(Records from a collection)
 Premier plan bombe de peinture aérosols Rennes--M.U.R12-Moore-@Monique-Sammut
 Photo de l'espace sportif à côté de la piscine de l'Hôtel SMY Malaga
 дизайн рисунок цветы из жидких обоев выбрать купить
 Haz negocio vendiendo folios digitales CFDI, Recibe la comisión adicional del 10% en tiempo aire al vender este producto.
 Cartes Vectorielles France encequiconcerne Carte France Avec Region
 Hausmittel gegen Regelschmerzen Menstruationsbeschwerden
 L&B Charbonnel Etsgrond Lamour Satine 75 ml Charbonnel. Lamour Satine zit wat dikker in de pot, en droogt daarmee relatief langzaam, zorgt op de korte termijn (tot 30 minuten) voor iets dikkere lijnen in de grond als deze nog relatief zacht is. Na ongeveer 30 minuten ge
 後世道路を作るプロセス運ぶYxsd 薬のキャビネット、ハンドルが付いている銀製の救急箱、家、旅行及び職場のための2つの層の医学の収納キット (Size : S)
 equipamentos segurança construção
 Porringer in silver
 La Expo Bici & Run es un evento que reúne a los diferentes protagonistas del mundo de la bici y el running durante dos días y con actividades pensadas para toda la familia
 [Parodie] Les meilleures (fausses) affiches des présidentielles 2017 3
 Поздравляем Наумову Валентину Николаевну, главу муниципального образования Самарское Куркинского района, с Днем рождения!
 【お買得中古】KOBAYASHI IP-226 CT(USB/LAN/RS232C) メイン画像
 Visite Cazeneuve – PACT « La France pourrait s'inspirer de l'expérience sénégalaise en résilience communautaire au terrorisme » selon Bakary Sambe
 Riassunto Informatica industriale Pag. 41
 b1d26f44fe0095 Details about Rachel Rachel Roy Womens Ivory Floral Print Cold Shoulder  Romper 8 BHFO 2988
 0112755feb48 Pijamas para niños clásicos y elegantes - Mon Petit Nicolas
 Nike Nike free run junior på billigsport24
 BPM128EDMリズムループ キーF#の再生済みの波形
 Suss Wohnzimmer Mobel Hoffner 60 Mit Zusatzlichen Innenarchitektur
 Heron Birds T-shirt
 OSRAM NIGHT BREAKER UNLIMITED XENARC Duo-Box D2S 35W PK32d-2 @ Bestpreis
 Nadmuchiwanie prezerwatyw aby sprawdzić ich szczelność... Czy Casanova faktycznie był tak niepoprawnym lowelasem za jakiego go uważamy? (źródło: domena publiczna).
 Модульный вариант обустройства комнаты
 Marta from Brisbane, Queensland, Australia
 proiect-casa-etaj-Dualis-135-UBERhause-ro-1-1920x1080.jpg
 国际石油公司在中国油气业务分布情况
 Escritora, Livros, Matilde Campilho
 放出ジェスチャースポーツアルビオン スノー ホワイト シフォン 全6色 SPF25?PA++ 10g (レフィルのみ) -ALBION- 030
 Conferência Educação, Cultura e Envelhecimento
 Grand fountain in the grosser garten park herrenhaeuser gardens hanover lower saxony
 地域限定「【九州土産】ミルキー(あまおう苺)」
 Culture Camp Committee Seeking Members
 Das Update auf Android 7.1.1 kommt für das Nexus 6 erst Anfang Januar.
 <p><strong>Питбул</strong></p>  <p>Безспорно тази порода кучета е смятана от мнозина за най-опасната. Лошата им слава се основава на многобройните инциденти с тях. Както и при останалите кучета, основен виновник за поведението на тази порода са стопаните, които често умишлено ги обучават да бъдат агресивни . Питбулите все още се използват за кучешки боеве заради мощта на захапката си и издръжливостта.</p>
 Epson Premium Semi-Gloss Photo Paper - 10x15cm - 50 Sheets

WORK TO BE COMPLETED:
Please show all lines from the entries that contain the word "para".

ANSWER TO THIS EXERCISE:
 La Expo Bici & Run es un evento que reúne a los diferentes protagonistas del mundo de la bici y el running durante dos días y con actividades pensadas para toda la familia
 0112755feb48 Pijamas para niños clásicos y elegantes - Mon Petit Nicolas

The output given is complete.